Я вдруг с поразительной ясностью представляю наш любимый номер в уходящем пальцем в море отеле «Фэйрмонт» на Бэттери-Уорф, по соседству со станцией береговой охраны. Я вижу темно-зеленую воду бухты, слышу, как плещет вода о сваи, как поскрипывают причалы, бьются о мачты снасти. Слышу басовые гудки больших кораблей, как будто они перенеслись сюда, в кабинет Филдинга.
— Мы не будем отвечать по телефону, будем гулять, заказывать еду в номер и смотреть из окна на высокие суда и буксиры. Вот чего мне бы хотелось. А тебе? Тебе тоже? — как будто мягко спрашиваю я, но получается все равно сердито и придирчиво.
— Если хочешь, так и сделаем. В ближайшие выходные, — отвечает Бентон, читая что-то на экране айфона и перелистывая странички большим пальцем.
Я отодвигаю кофе, и край стола кажется уже не острым, а закругленным. Перебрала кофеина. Гулко ухает сердце. Кружится голова.
— Ненавижу, когда ты все время смотришь на свой телефон, — снова срываюсь я. — Ты же знаешь, как мне это не нравится, когда мы разговариваем.
— Сейчас это необходимо, — говорит он, не поднимая глаз.
— Выезд с Девяносто третьей на Коммершл-стрит, — и ты уже там. — Я возвращаюсь к прежней теме. — Удобный способ избавиться от тела. Отвозишь и бросаешь в воду. Без одежды, чтобы не осталось никаких следов от пребывания в багажнике. — Я задвигаю нижний ящик и неожиданно для себя бормочу: — Пластыри. Их здесь нет. И в моем столе их тоже не было. Только жевательная резинка. Сама я не очень ее любила. Разве что еще ребенком. Помню, была такая, «дабл-бабл хеллоуин», в желтых фантиках.
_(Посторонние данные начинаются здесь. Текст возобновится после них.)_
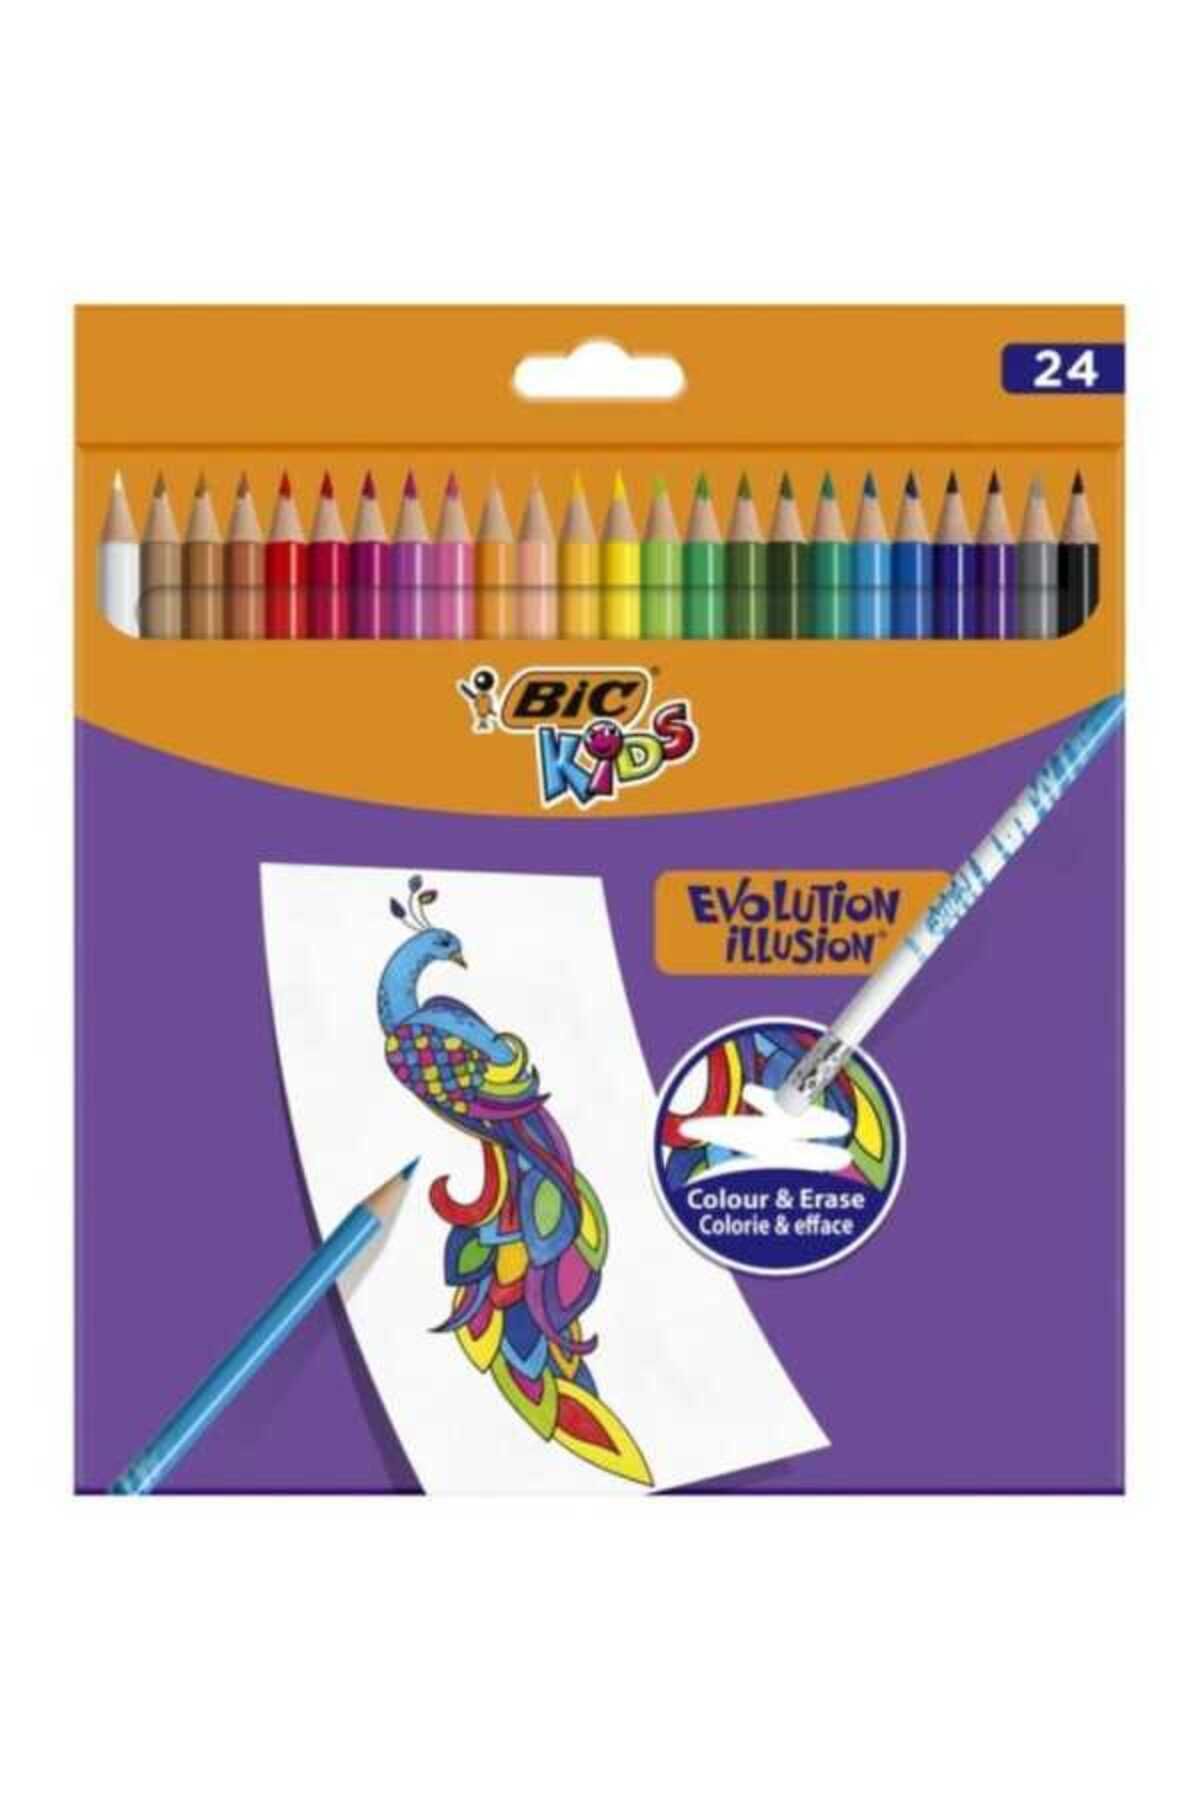 Bic Silinebilir Kuru Boya Kalemi 24 Renk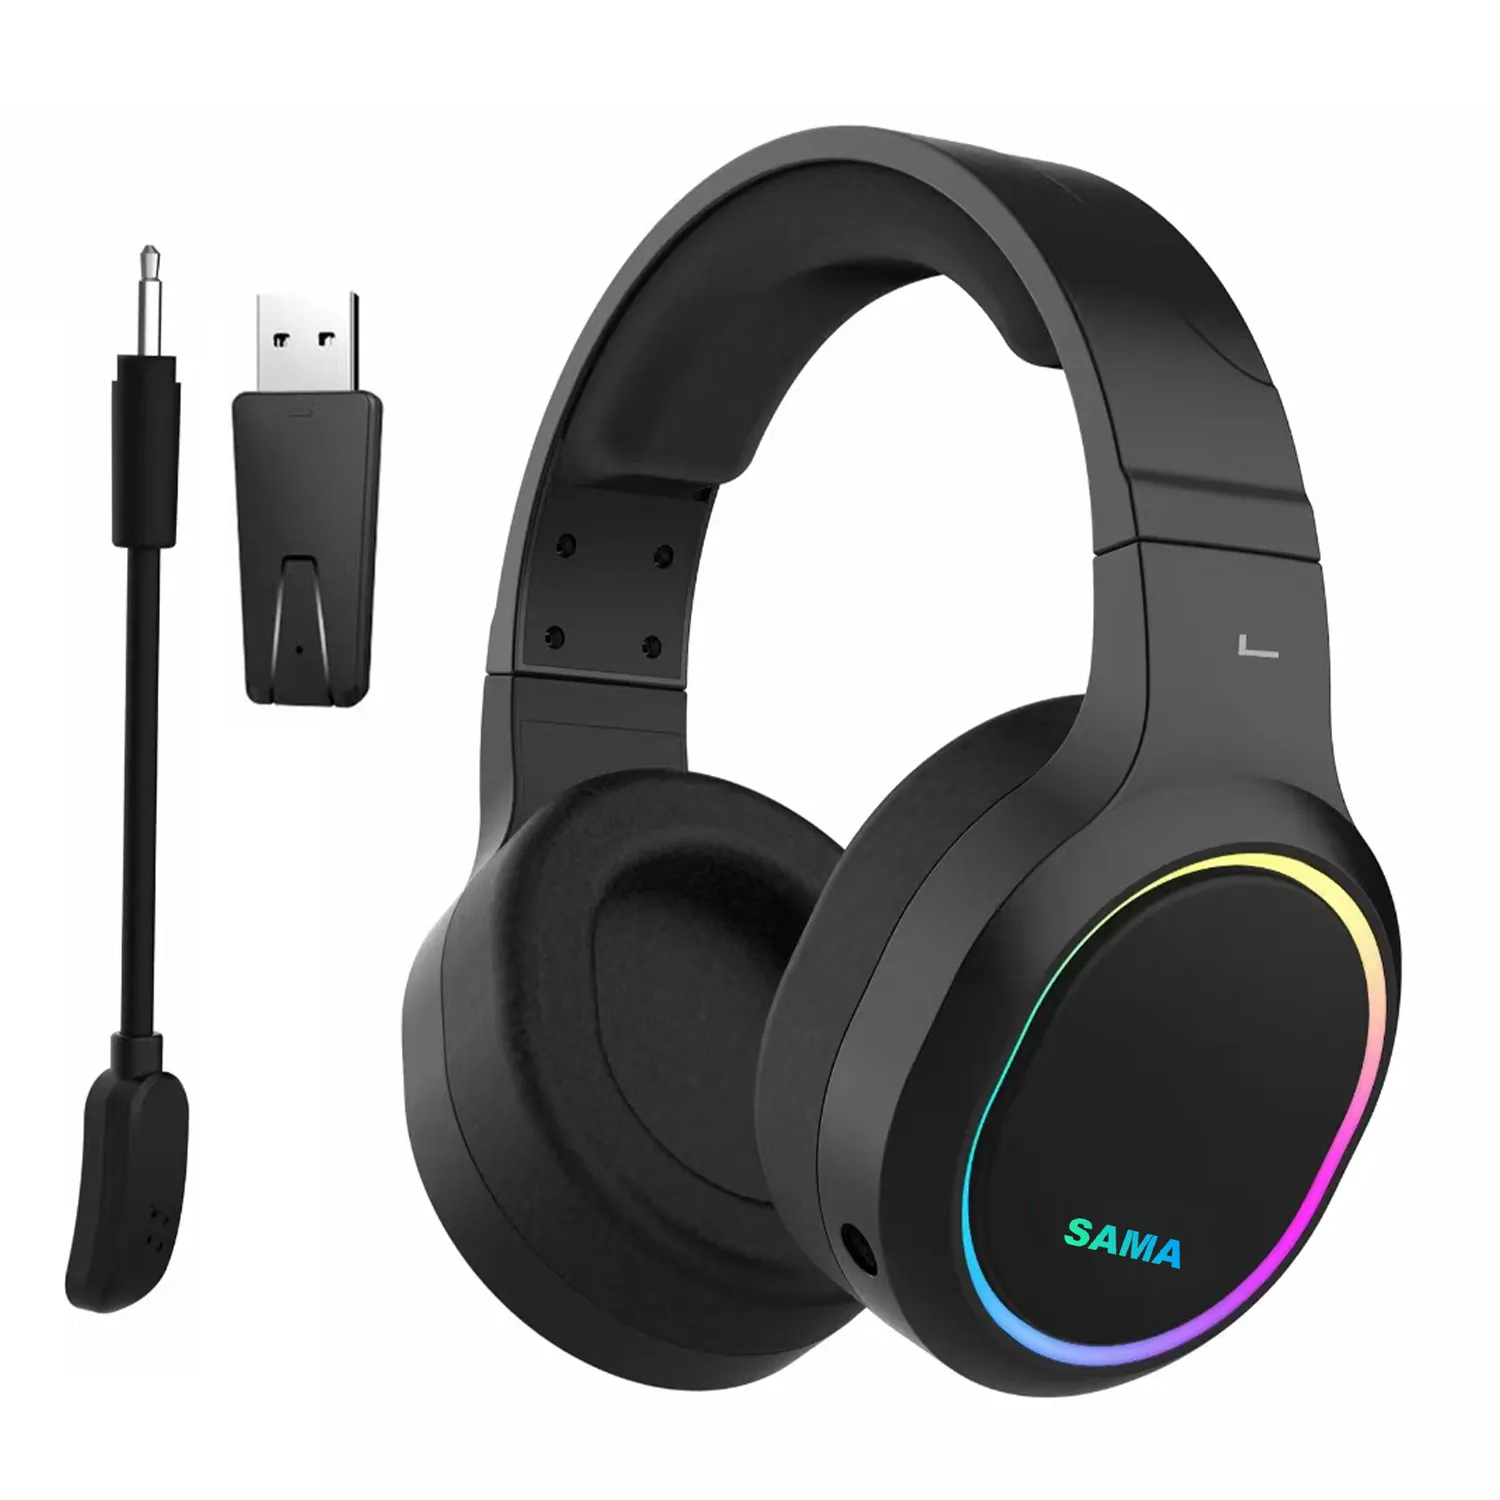 SAMA dengan OEM Headphone Over-Ear Nirkabel Headphone Inalambricos Ps4 Ps5 X-box Satu Headset Gaming Nirkabel dengan Mikrofon

Я и сейчас вижу ее. Чувствую ее вкус. Даже слюнки текут.
— Есть один секрет, который я никому не рассказывала. Я жевала ее, а потом снова заворачивала в обертку. И она лежала несколько дней, пока весь вкус не пропадал.
Я невольно сглатываю.
— А жевать перестала тогда же, когда прекратила в Хеллоуин ходить с другими детьми по домам и выпрашивать угощение. Видишь, ты напомнил мне о том, о чем я не вспоминала уже много лет. Как-то вдруг само выскочило. Я иногда забываю, что была когда-то ребенком. Юной, глупой и доверчивой.
У меня дрожат руки.
— Что не можешь себе позволить, то лучше и не пробовать, так что у меня нет привычки жевать жвачку.
Я уже вся дрожу.
— В тебе нет ничего вульгарного, ничего пошлого, — говорит Бентон, настороженно наблюдая за мной. Похоже, я его пугаю.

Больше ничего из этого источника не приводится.